■ **DESCRIPTION OF THE TASK**
Print out the entries below with no edits.

■ **TASK INPUTS**
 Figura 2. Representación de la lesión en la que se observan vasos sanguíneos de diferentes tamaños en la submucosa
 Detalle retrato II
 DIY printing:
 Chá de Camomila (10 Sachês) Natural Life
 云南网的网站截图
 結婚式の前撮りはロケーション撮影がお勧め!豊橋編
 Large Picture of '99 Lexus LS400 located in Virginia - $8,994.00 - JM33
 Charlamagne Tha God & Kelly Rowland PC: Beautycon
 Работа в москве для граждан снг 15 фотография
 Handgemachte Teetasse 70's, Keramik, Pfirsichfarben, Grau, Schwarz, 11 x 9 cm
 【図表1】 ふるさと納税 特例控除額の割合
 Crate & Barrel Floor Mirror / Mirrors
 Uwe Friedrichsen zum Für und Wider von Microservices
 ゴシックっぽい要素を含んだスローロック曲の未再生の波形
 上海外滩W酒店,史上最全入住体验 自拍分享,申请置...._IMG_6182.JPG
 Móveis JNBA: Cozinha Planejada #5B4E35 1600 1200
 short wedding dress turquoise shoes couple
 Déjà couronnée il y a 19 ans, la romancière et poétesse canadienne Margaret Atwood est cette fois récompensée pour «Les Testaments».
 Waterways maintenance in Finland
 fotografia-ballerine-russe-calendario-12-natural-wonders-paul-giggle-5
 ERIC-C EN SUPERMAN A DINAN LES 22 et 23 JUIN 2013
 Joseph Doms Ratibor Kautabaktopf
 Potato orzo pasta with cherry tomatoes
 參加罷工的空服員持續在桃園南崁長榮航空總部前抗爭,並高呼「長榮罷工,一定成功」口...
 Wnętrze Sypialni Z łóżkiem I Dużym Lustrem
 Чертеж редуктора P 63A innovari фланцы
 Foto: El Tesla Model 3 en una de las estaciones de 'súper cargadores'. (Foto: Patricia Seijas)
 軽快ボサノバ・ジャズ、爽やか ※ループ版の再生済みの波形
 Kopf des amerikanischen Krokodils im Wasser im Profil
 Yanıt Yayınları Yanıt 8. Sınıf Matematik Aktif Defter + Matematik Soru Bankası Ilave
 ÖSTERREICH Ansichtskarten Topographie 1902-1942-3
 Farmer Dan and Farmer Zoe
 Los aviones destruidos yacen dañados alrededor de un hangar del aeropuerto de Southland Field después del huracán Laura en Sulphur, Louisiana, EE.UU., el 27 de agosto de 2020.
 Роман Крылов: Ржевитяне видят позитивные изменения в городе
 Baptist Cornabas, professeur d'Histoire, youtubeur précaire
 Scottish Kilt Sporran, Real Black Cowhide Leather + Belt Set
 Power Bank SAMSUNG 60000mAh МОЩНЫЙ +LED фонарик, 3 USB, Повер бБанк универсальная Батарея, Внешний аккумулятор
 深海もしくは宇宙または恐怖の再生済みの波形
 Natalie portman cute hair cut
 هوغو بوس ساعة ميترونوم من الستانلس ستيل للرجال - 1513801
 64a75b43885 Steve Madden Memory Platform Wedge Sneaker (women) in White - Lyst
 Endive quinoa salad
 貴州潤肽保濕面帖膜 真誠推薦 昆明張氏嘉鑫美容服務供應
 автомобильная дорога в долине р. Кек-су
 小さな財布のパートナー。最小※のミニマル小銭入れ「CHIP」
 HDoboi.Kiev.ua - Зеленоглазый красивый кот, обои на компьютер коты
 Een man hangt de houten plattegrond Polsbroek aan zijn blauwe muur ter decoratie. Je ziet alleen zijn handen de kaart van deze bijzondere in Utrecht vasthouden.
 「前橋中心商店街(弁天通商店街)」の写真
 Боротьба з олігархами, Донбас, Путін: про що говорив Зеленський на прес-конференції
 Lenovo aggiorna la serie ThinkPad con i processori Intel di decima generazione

■ **SOLUTION**
 Figura 2. Representación de la lesión en la que se observan vasos sanguíneos de diferentes tamaños en la submucosa
 Detalle retrato II
 DIY printing:
 Chá de Camomila (10 Sachês) Natural Life
 云南网的网站截图
 結婚式の前撮りはロケーション撮影がお勧め!豊橋編
 Large Picture of '99 Lexus LS400 located in Virginia - $8,994.00 - JM33
 Charlamagne Tha God & Kelly Rowland PC: Beautycon
 Работа в москве для граждан снг 15 фотография
 Handgemachte Teetasse 70's, Keramik, Pfirsichfarben, Grau, Schwarz, 11 x 9 cm
 【図表1】 ふるさと納税 特例控除額の割合
 Crate & Barrel Floor Mirror / Mirrors
 Uwe Friedrichsen zum Für und Wider von Microservices
 ゴシックっぽい要素を含んだスローロック曲の未再生の波形
 上海外滩W酒店,史上最全入住体验 自拍分享,申请置...._IMG_6182.JPG
 Móveis JNBA: Cozinha Planejada #5B4E35 1600 1200
 short wedding dress turquoise shoes couple
 Déjà couronnée il y a 19 ans, la romancière et poétesse canadienne Margaret Atwood est cette fois récompensée pour «Les Testaments».
 Waterways maintenance in Finland
 fotografia-ballerine-russe-calendario-12-natural-wonders-paul-giggle-5
 ERIC-C EN SUPERMAN A DINAN LES 22 et 23 JUIN 2013
 Joseph Doms Ratibor Kautabaktopf
 Potato orzo pasta with cherry tomatoes
 參加罷工的空服員持續在桃園南崁長榮航空總部前抗爭,並高呼「長榮罷工,一定成功」口...
 Wnętrze Sypialni Z łóżkiem I Dużym Lustrem
 Чертеж редуктора P 63A innovari фланцы
 Foto: El Tesla Model 3 en una de las estaciones de 'súper cargadores'. (Foto: Patricia Seijas)
 軽快ボサノバ・ジャズ、爽やか ※ループ版の再生済みの波形
 Kopf des amerikanischen Krokodils im Wasser im Profil
 Yanıt Yayınları Yanıt 8. Sınıf Matematik Aktif Defter + Matematik Soru Bankası Ilave
 ÖSTERREICH Ansichtskarten Topographie 1902-1942-3
 Farmer Dan and Farmer Zoe
 Los aviones destruidos yacen dañados alrededor de un hangar del aeropuerto de Southland Field después del huracán Laura en Sulphur, Louisiana, EE.UU., el 27 de agosto de 2020.
 Роман Крылов: Ржевитяне видят позитивные изменения в городе
 Baptist Cornabas, professeur d'Histoire, youtubeur précaire
 Scottish Kilt Sporran, Real Black Cowhide Leather + Belt Set
 Power Bank SAMSUNG 60000mAh МОЩНЫЙ +LED фонарик, 3 USB, Повер бБанк универсальная Батарея, Внешний аккумулятор
 深海もしくは宇宙または恐怖の再生済みの波形
 Natalie portman cute hair cut
 هوغو بوس ساعة ميترونوم من الستانلس ستيل للرجال - 1513801
 64a75b43885 Steve Madden Memory Platform Wedge Sneaker (women) in White - Lyst
 Endive quinoa salad
 貴州潤肽保濕面帖膜 真誠推薦 昆明張氏嘉鑫美容服務供應
 автомобильная дорога в долине р. Кек-су
 小さな財布のパートナー。最小※のミニマル小銭入れ「CHIP」
 HDoboi.Kiev.ua - Зеленоглазый красивый кот, обои на компьютер коты
 Een man hangt de houten plattegrond Polsbroek aan zijn blauwe muur ter decoratie. Je ziet alleen zijn handen de kaart van deze bijzondere in Utrecht vasthouden.
 「前橋中心商店街(弁天通商店街)」の写真
 Боротьба з олігархами, Донбас, Путін: про що говорив Зеленський на прес-конференції
 Lenovo aggiorna la serie ThinkPad con i processori Intel di decima generazione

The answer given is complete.